(ACTIVITY) Please make an exact copy of the listing, without the pictures.

(GIVEN DATA)
==============================
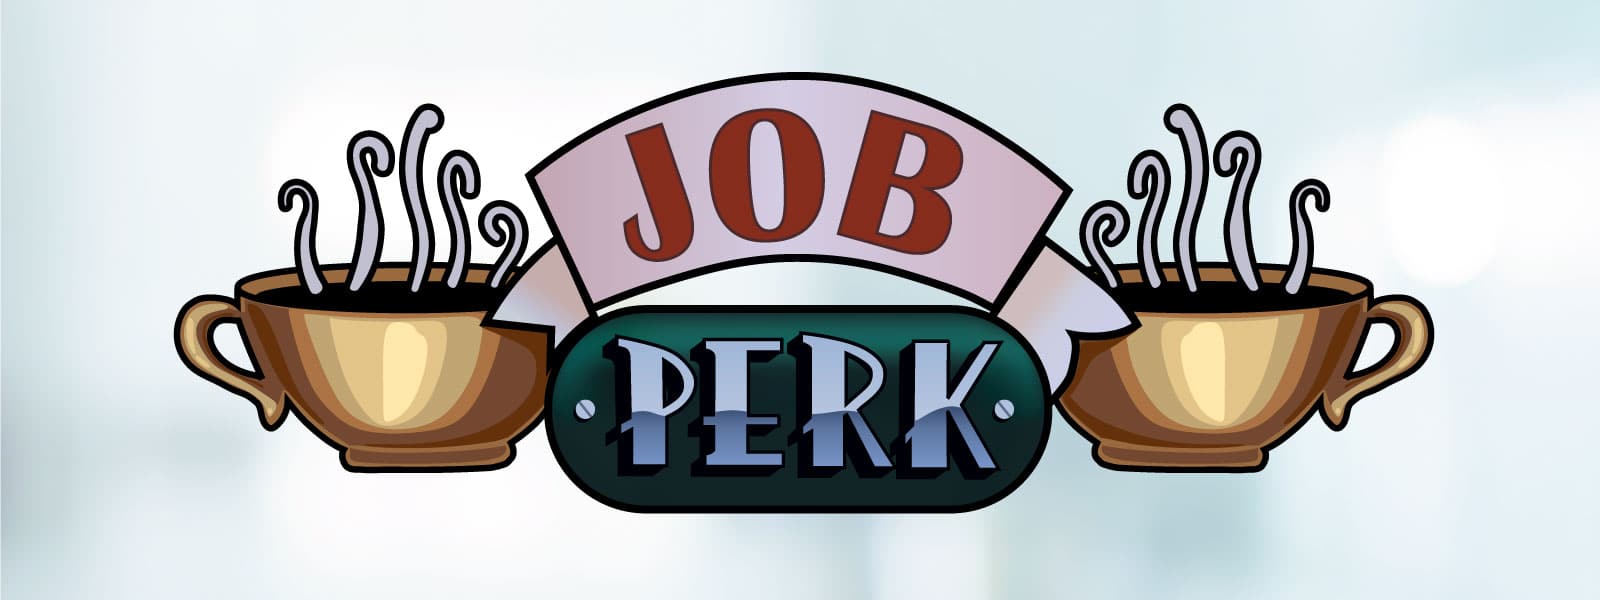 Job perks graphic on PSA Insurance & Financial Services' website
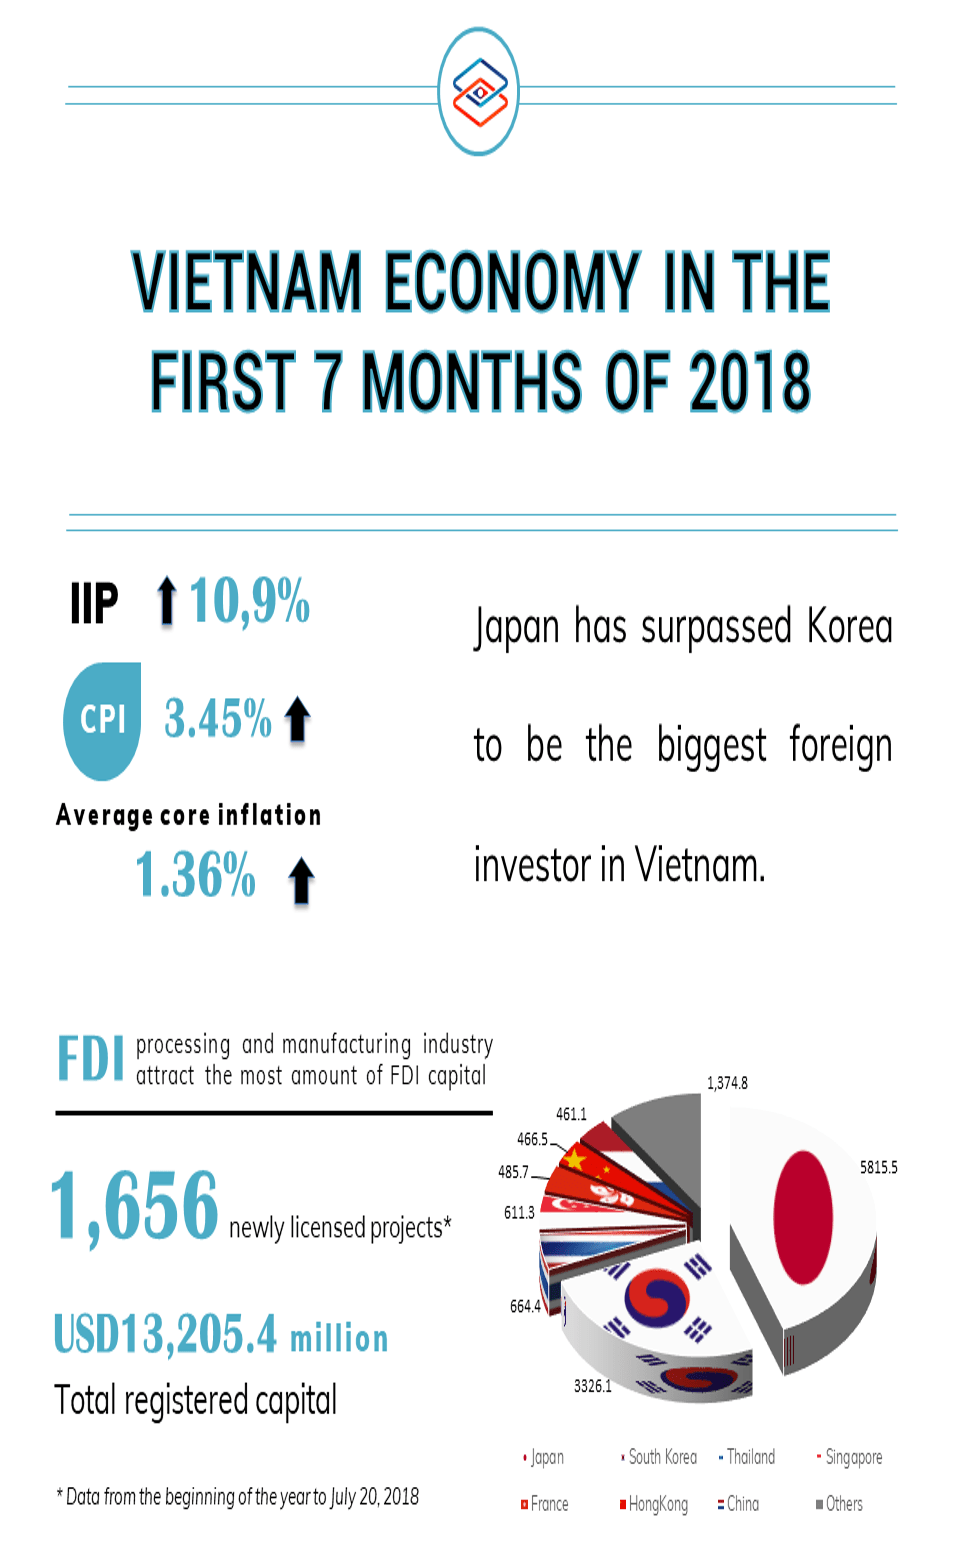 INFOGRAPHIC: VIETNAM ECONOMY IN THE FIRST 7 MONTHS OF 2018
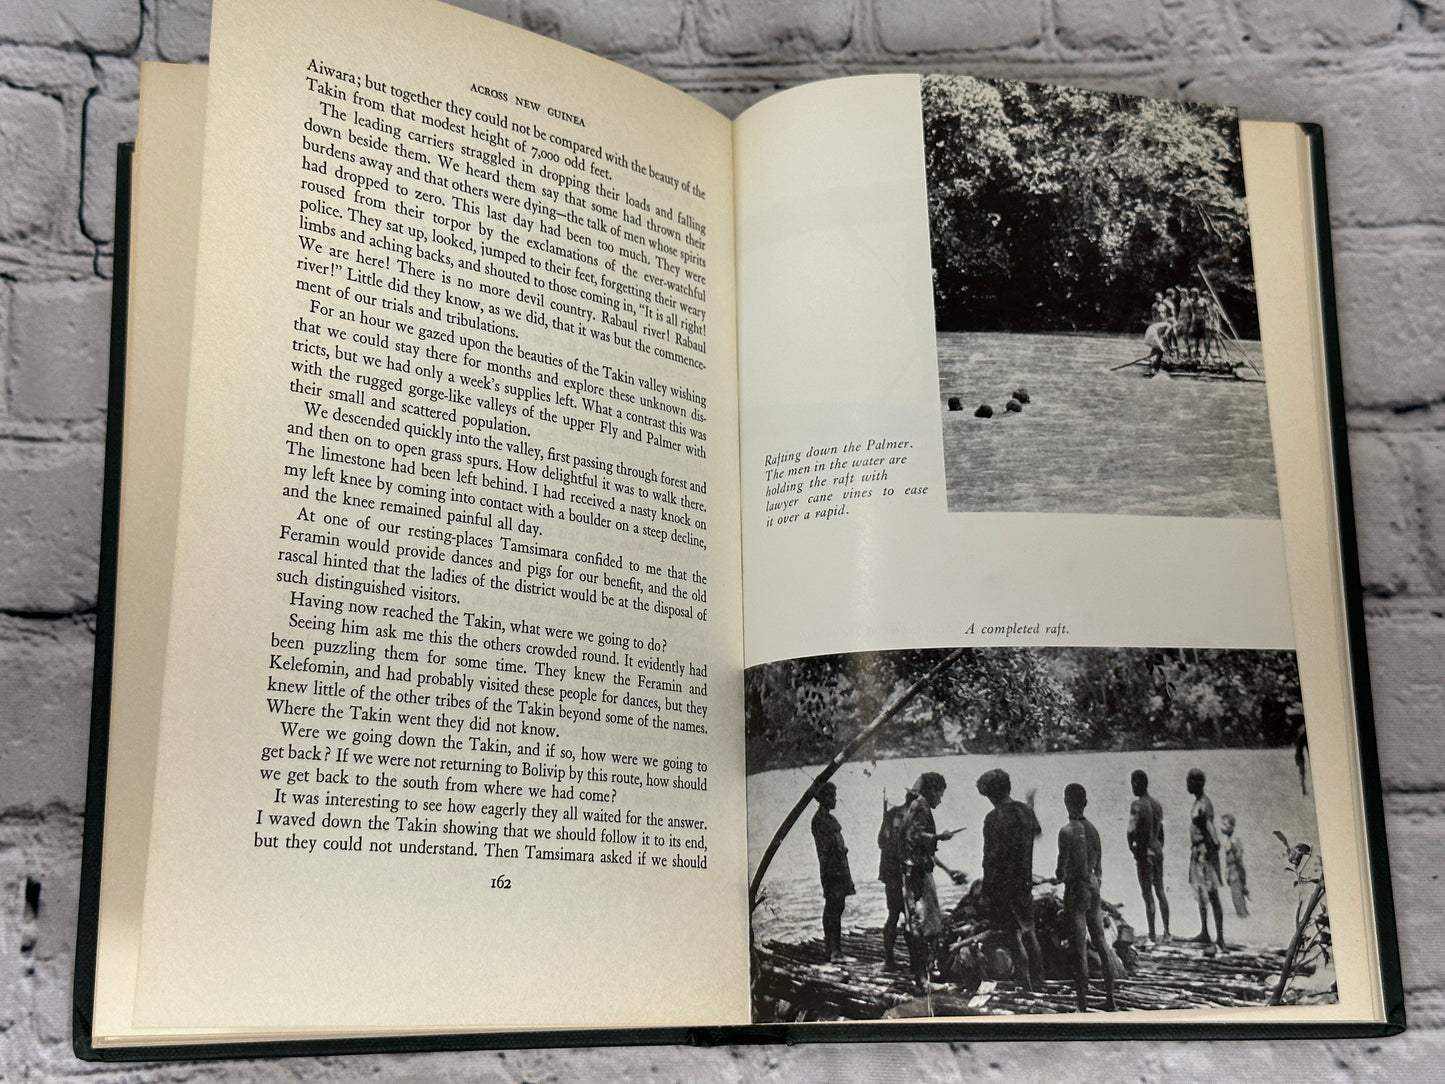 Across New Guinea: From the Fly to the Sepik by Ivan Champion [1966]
==============================
(WRITTEN REPLY)
 Job perks graphic on PSA Insurance & Financial Services' website
 INFOGRAPHIC: VIETNAM ECONOMY IN THE FIRST 7 MONTHS OF 2018
 Across New Guinea: From the Fly to the Sepik by Ivan Champion [1966]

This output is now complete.